Tables 2 and 3 show the Type I error rates and power of MIMIC model for detecting uniform-DIF in 5-item scale. Tables 4 and 5 indicate the statistical properties of MIMIC model for detecting uniform-DIF in 10-item scale.

Table 2: The mean of Type I error rates and power of MIMIC model for detecting medium uniform-DIF in 5-item scale.
Table 3: The mean of Type I error rates and power of MIMIC model for detecting severe uniform-DIF in 5-item scale.
Table 4: The mean of Type I error rates and power of MIMIC model for detecting medium uniform-DIF in 10-item scale.
Table 5: The mean of Type I error rates and power of MIMIC model for detecting severe uniform-DIF in 10-item scale.
3.6. Real Data Example

In this section, we explain the example of the questionnaire to assess the effect of small sample size on measurement equivalence of psychometric questionnaires in the MIMIC model.

The 12-item General Health Questionnaire (GHQ-12) is an appropriate instrument to assess Minor Psychiatric Disorders (MPD) during the previous month [35]. A cross-sectional study was conducted to identify the MPD with GHQ-12 among 771 nurses employed in hospitals of the Fars and Bushehr provinces, Southern Iran, between October and December 2014. Only a brief description of the data used in this study is mentioned here because they have been fully described elsewhere [35].

Of the 269 men participating in the study, 100 men were randomly selected. Among 502 women, samples with the size of 100, 200, 300, 400, and 500 were randomly chosen.

The results of fitting the MIMIC model to detect uniform-DIF are shown in Table 6. In all the sample sizes, item 12 of the GHQ-12 was detected with uniform-DIF. The intensity of uniform-DIF for item 12 was severe and for item 1 was medium. For this reason, in large sample size (M100/F400 and M100/F500) item 1 of the GHQ-12 was detected with uniform-DIF with the MIMIC model.

Table 6: Detection of uniform-DIF for GHQ-12 with MIMIC model.

4. Discussion

The present study provided a simulation-based framework to determine the statistical properties of MIMIC model when latent trait distribution was nonnormal and sample size was small.

Up to now, in most simulation researches, item responses were produced using the GRM when latent trait was normally distributed. However, in many psychological researches, the assumption of normality latent construct can frequently be violated in practice [36, 37]. What distinguishes this study from previous ones was the effort to assess the performance of MIMIC model in uniform-DIF detection when latent trait distribution was nonnormal. Our results showed that skewness in the latent trait distribution cannot affect MIMIC model performance in uniform-DIF detection. However, Type I error inflated when latent trait distribution in one group was highly positively skewed and in another group it was highly negatively skewed or contrariwise. Until now, there has been no documented evidence that has investigated the effect of skewness of latent construct distribution on the performance of MIMIC model. However, Monaco found that high skewness in latent trait distribution resulted in a 5% to 10% decrease in the power for detecting DIF in dichotomous items in the differential functioning of items and tests, Mantel-Haenszel, and Lord’s chi-square methods [38]. The research carried out by Kaya et al. concluded that moderate skewness in latent trait leads to approximately 10% decrease in the power for detecting uniform-DIF by logistic regression in polytomous items [20]. Another Monte Carlo simulation study showed that high skewness in latent trait distribution could reduce the power ordinal logistic regression model up to 57.7% [3].

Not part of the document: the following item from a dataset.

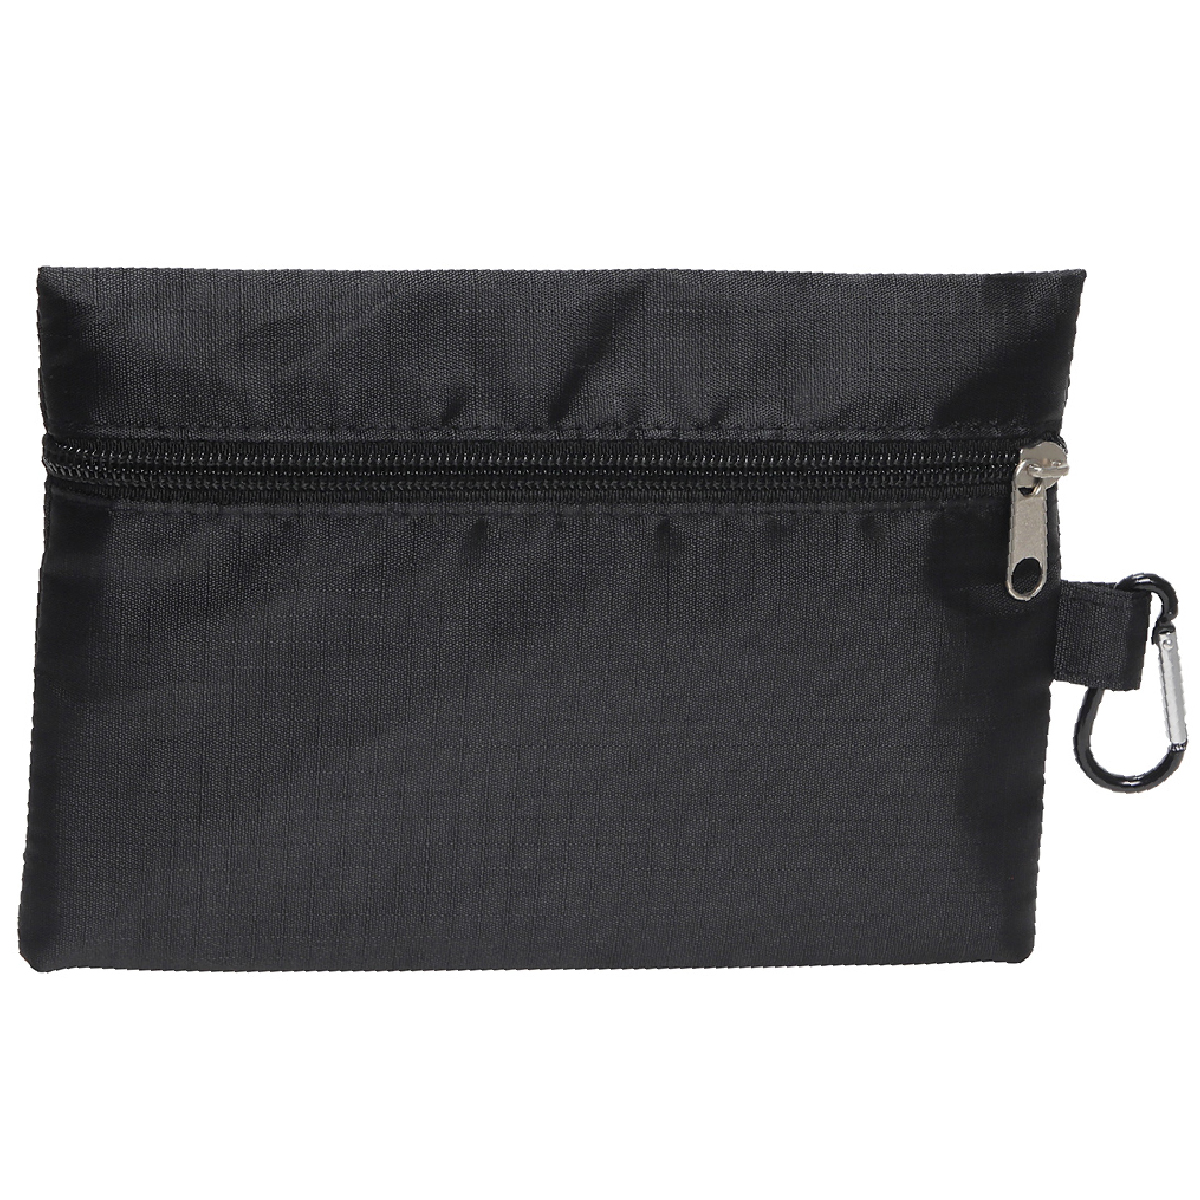 Black Zippered Ripstop Utility Bag with Carabiner

Under various combinations of latent trait distributions, the power of MIMIC model increased as the reference group sample size increased, but Type I error did not obey a specific pattern. This finding is consistent with those of previous studies that demonstrated when sample size increased, the power for detecting DIF increased [4, 23]. The unbalanced sample sizes between the focal and the reference group are popular in real-life circumstances. In previous simulation studies, sample size ratio between the focal and reference groups varied between 1 and 5 [4, 9, 27]. A previous study indicated that MIMIC model DIF detection test was not powerful enough when the sample size ratio between the focal and reference groups was smaller than 5 (R500/F100), and latent trait was the normal distribution [4]. However, we found that, in these situations, the MIMIC model was powerful for detecting uniform-DIF when sample size ratio was more than 3 (R300/F100) in 3-point response scale and more than 2 (R200/F100) in 5- or 7-point response scale.

The results from a research study indicated that increasing the number of items could lead to improvement in the power and decrease in the Type I error rate of MIMIC model for detecting uniform-DIF. With respect to this, our results were in line with the results of several studies [4, 9, 25, 39]. However, few researchers have argued that the number of indicators does not appear to affect the power [14].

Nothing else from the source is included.